I flew the Dubrovnik LDDU ILS twice in the past week and could swear that it is really narrow.
When flying an ILS, I set up the GPS in the OBS mode, with the runway bearing, so I have a reference for where to expect the localiser. On the LDDU one, it doesn’t start to move until the very last bit before the full intercept.
We need to know what sensitivity the GPS was on (ENR, TERM, 0.3) and, if ENR whether it’s SBAS or not.
This is flying the ILS, not flying the GPS track.
Here is the plate:
and this is EGKK – angle looks same
I had a quick look in ICAO Annex 14. The localiser should have a specified width at the threshold (or at a particular distance before the threshold if the runway is short). Since the transmitter is located at the far runway end the localiser must have a different angular width depending on runway length. Also there are reasonably large tolerances (±17% for a CAT I localiser).
Peter wrote:
I set up the GPS in the OBS mode, with the runway bearing, so I have a reference for where to expect the localiser. On the LDDU one, it doesn’t start to move until the very last bit before the full intercept.
Peter wrote:
This is flying the ILS, not flying the GPS track.
If you express surprise at how late into that FSD the ILS starts to move, you need to know three things, the sensitivity of the GPS, the range from the ILS aerial and the accuracy with which you set the OBS.
The FSD of the GPS in OBS mode is clearly relevant, as it could be anything from 0.3nm to 5nm, a scale factor of 17.
The range is obviously relevant, as the FSD will be on tramlines – the same at 1nm from the ILS aerials as at 20nm, a scale factor or 20.
The accuracy of the OBS is relevant, because the FSD of the ILS needle is 2.5°. Who is to say whether the QDM is 114.5 or 115.5? That’s a whole degree in 2.5, another scale factor of 2.

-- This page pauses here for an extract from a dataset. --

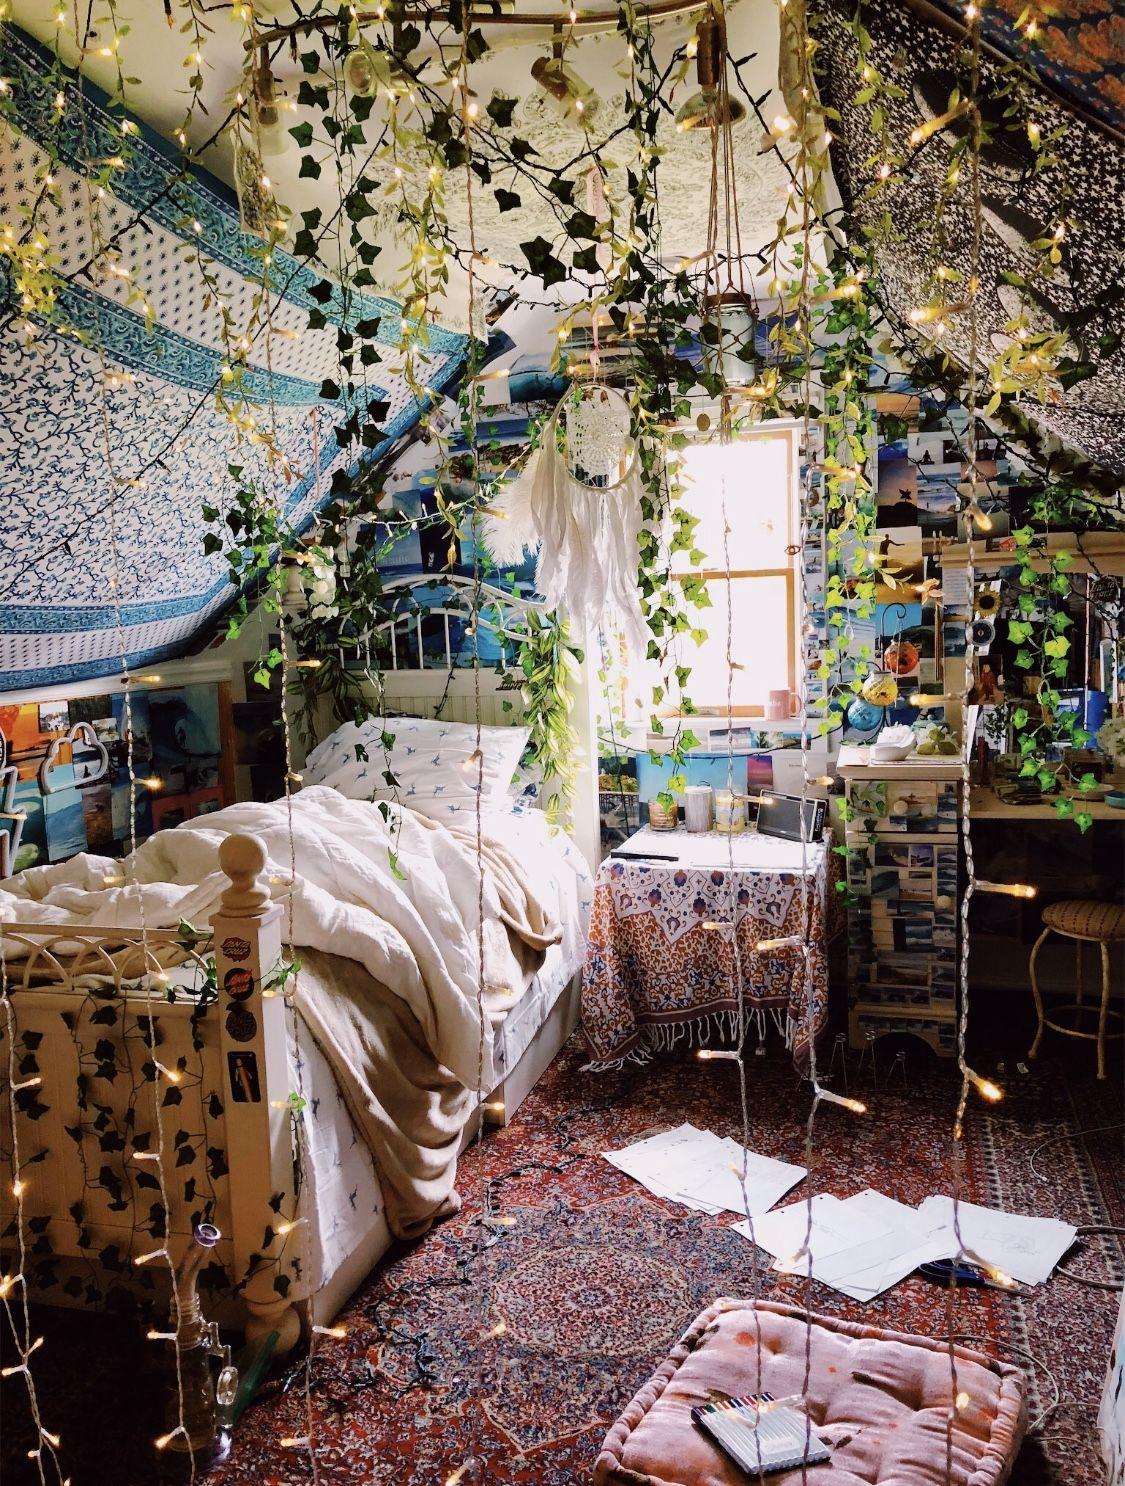 Bohemian Whimsical Bedroom Decor Houseplants Colorful In 2020 Bohemian Bedroom Decor Hippie Room Ideas Bedroom Bohemian Bedroom Decor

Multiply up those scale factors and you get to 680. 
OK, a bit artificial, but you get my point?
I don’t, because the GPS FSD setting is irrelevant.
In OBS mode, I just use it in this scenario to get a magenta line on the MFD. I am not looking at anything to do with the GPS track deviation. I am flying purely on the ILS receiver (as one should be when flying an ILS). FWIW, my GPS is always set to 1nm FSD when enroute or flying non-RNAV approaches.
It is however a fair point that there might be an error in the OBS setting of the GPS. The KLN94 has an installer adjustment for this and it should be right, and this image doesn’t suggest it is out:
That circle is 10nm radius, BTW.
This pic (a zoomed-in crop) doesn’t suggest my ILS receiver (KX155A driving the KFC225 via decoded analogue) is off, either.
and the Sandel SN3500 (which gets the composite lateral deviation from the KX155A and decodes it internally using DSP) agrees
I have obviously missed your point.
I thought that it was a matter of how nearly centred the GPS OBS has to be to get a non-FSD indication on the ILS?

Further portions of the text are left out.